|
Johanne Juliane
Schubert
(1776-1864)
Das Anschau'n Gottes
Den Herrn, den herrlichen, zu schauen,
Ging ich hinaus und fragte die Natur,
Und fragt' auf Wiesen und auf Auen:
"Wo find' ich ihn und seiner Güte Spur?"
Und Wies' und Au mir hold entgegenlacht,
Geschmückt durch ihn mit Herrlichkeit und Pracht.
In tausendfält'ger Schönheit standen
Die Bäum' umher, von seiner Kraft belebt,
Und frische Blumenkränze wanden
Sich Berg und Thal, von seinem Hauch umschwebt,
Und jubelnd stieg in's große Weltenchor
Der Freude Lied aus Wald und Hain empor.
Sanft rieselte die Wiesenquelle
Durch Blumen hin, die seiner Hand entblüh'n,
Und in des Kornfelds grauen Wellen
Sah ich vorüber seinen Odem ziehn,
Und tief anbetend neigte sich der Hain,
Dem Herrn der Welt zum Tempel sich zu weih'n.

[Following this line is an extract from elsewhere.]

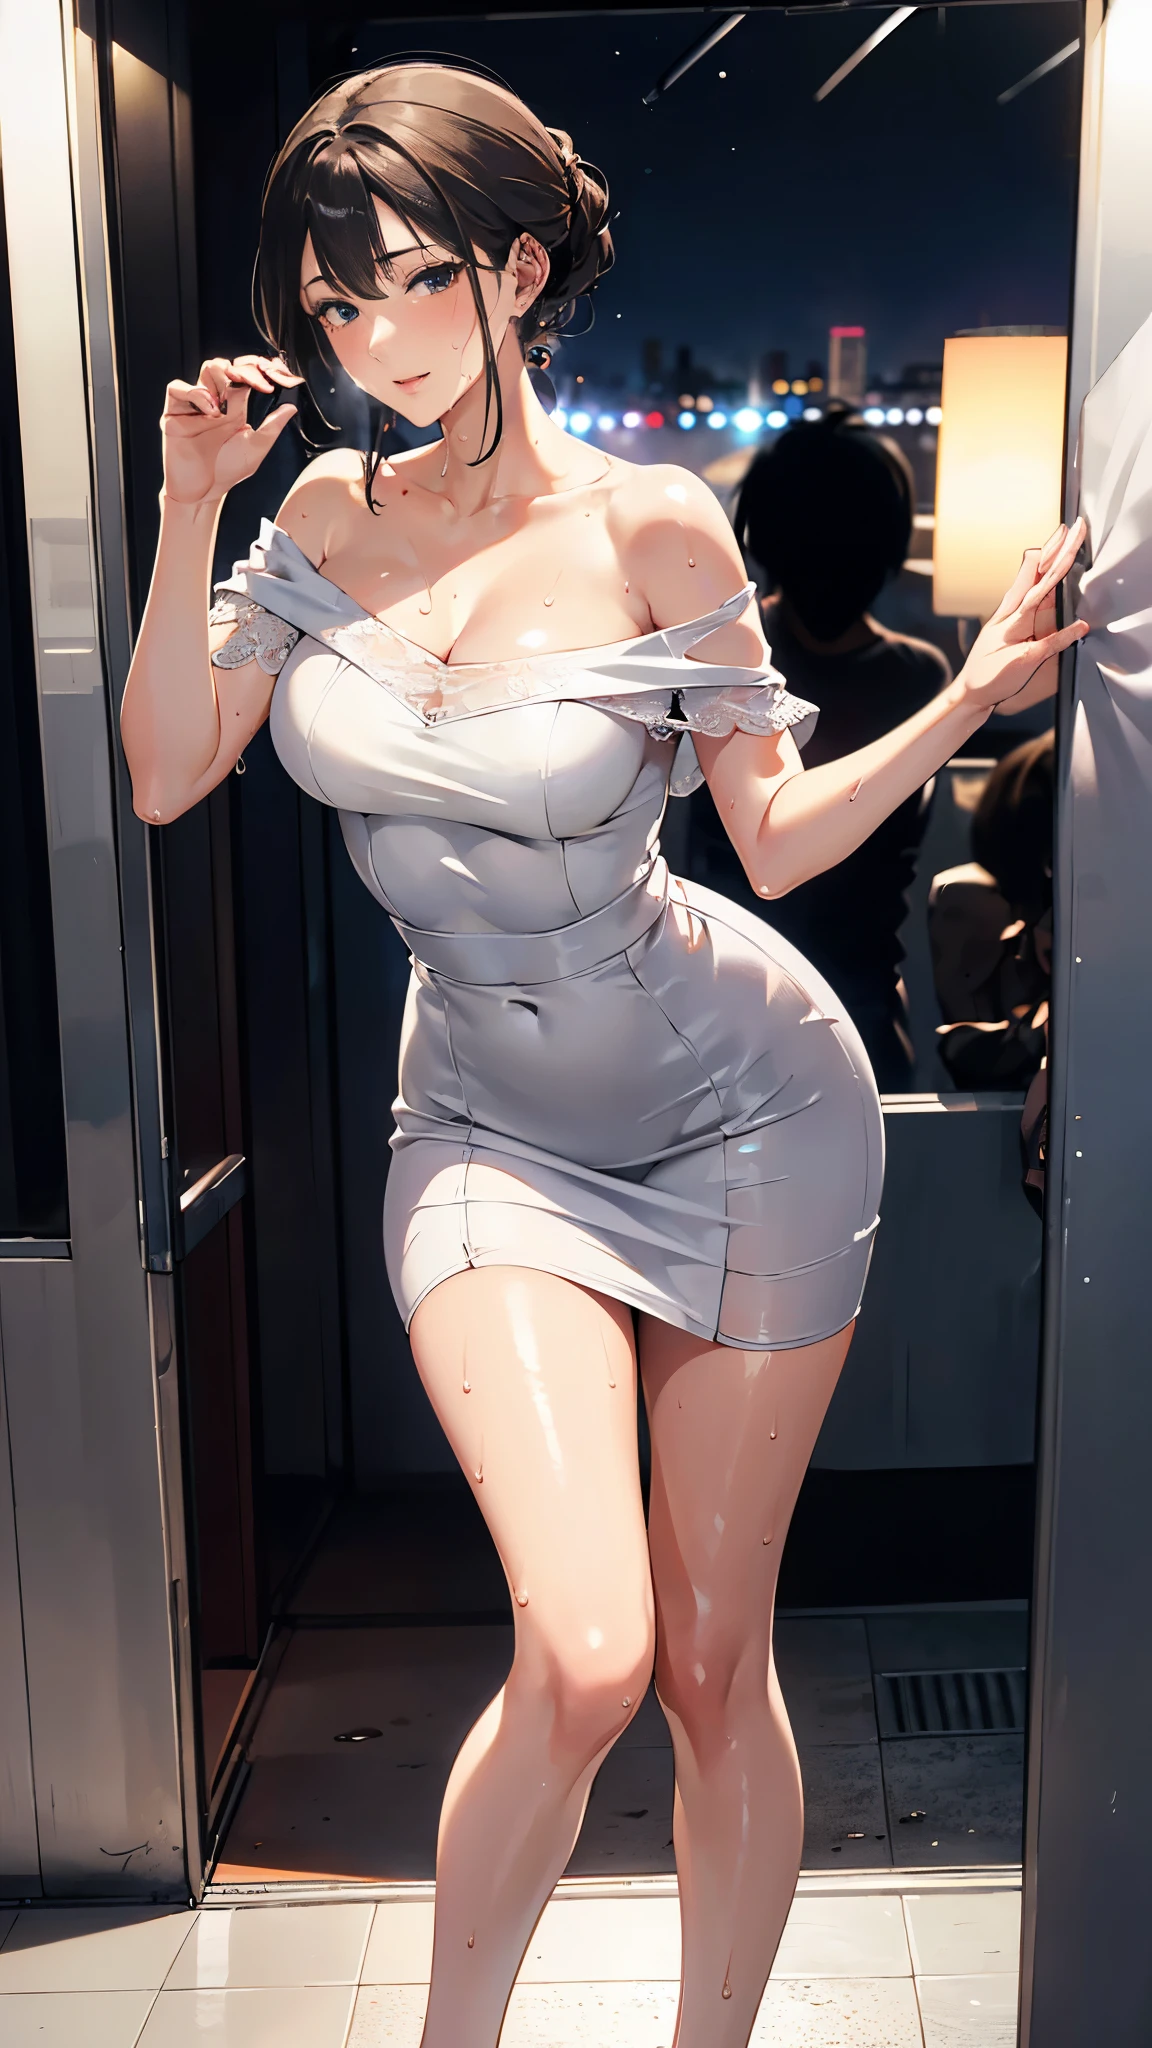 (8k, RAW photo、highest quality、masterpiece:1.2), Masterpiece, best quality, high resolution, very detailed, detailed background, 1 girl, looking at the audience, standing on the subway, inside the train, posing pose, white off-the-shoulder dress, skirt, transparent, happy, (steam),((sweat))、The temptress、invite to lewdness、(night:1.6)
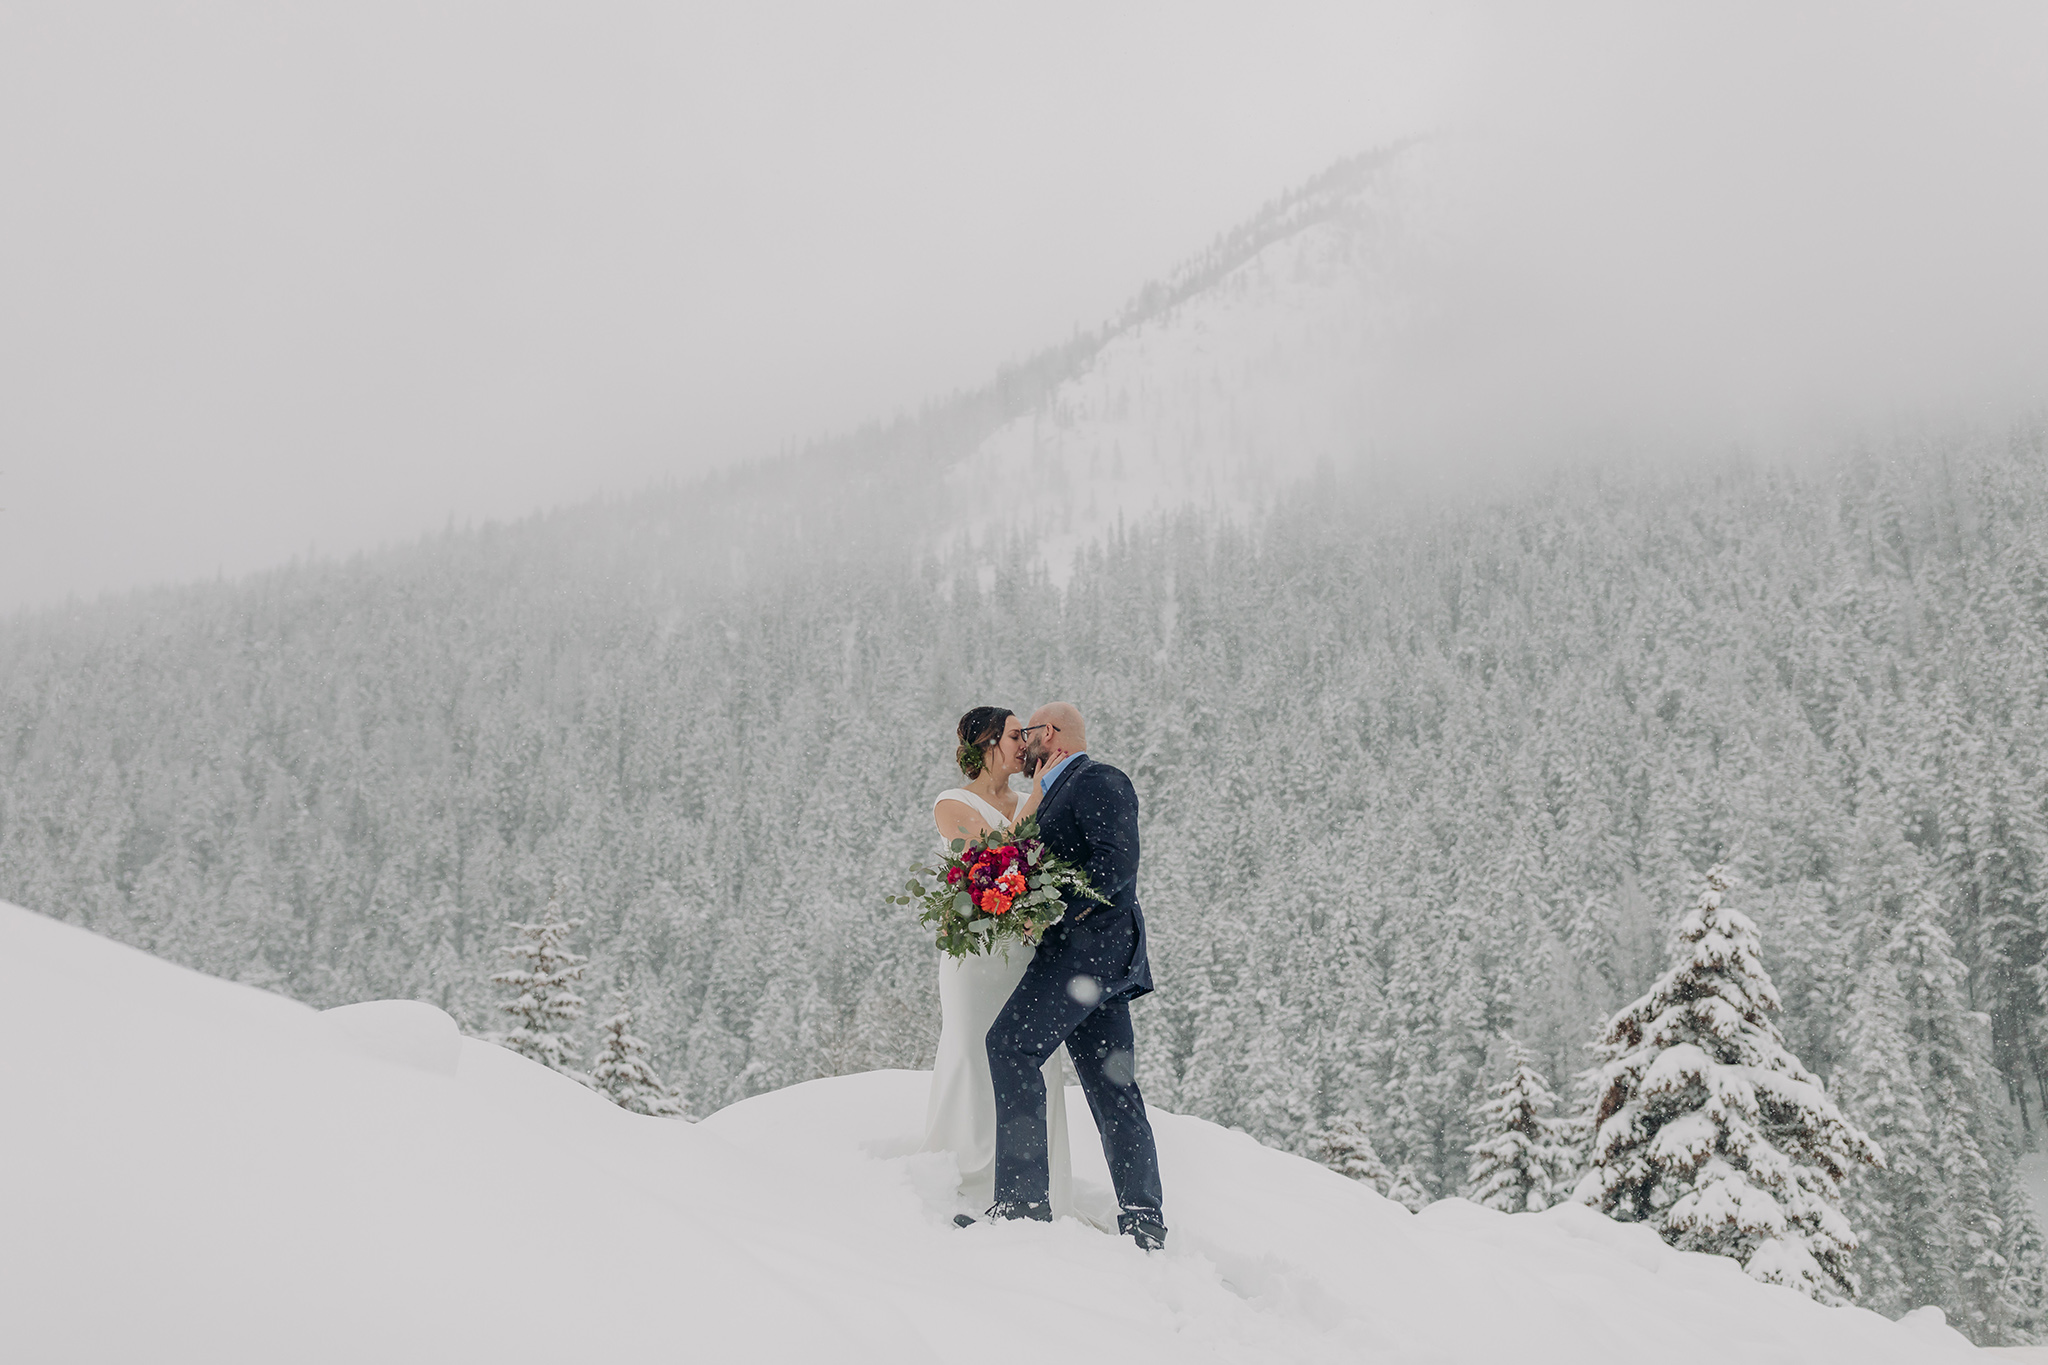 snowy mountain elopement bride & groom portraits climbing snow bank with falling snow photographed by mountain elopement & wedding photographer ENV Photography

Nun hab' ich ihn geseh'n, den Großen,
Unendlichen, der mir sein Bild vertraut;
Von seinem Segenshauch umflossen
Hat ihn mein Geist in seiner Welt geschaut,
Wie er, durch den sich Erd' und Himmel freut,
Vorüber ging in seiner Herrlichkeit.
Auch mich, auch mich hat er erlesen
Zum Kind' und Erb', umstrahlt von seinem Licht.
In seinem Reich, ein selig Wesen,
Bet' ich ihn an voll Lieb' und Zuversicht
Und sink', entzückt von Freud' und hoher Lust,
Ihm ewig nah', an seine Vaterbrust.
Und ob verblüh'n der Erde Freuden,
Und ob verwelkt des Frühlings Blumenkranz,
Es wird mein Geist sich ewig weiden
In seiner Näh' an seines Lichtes Glanz:
Die Dämm'rung schon kann Aug' und Herz erfreu'n,
Doch schöner wird die volle Klarheit sein.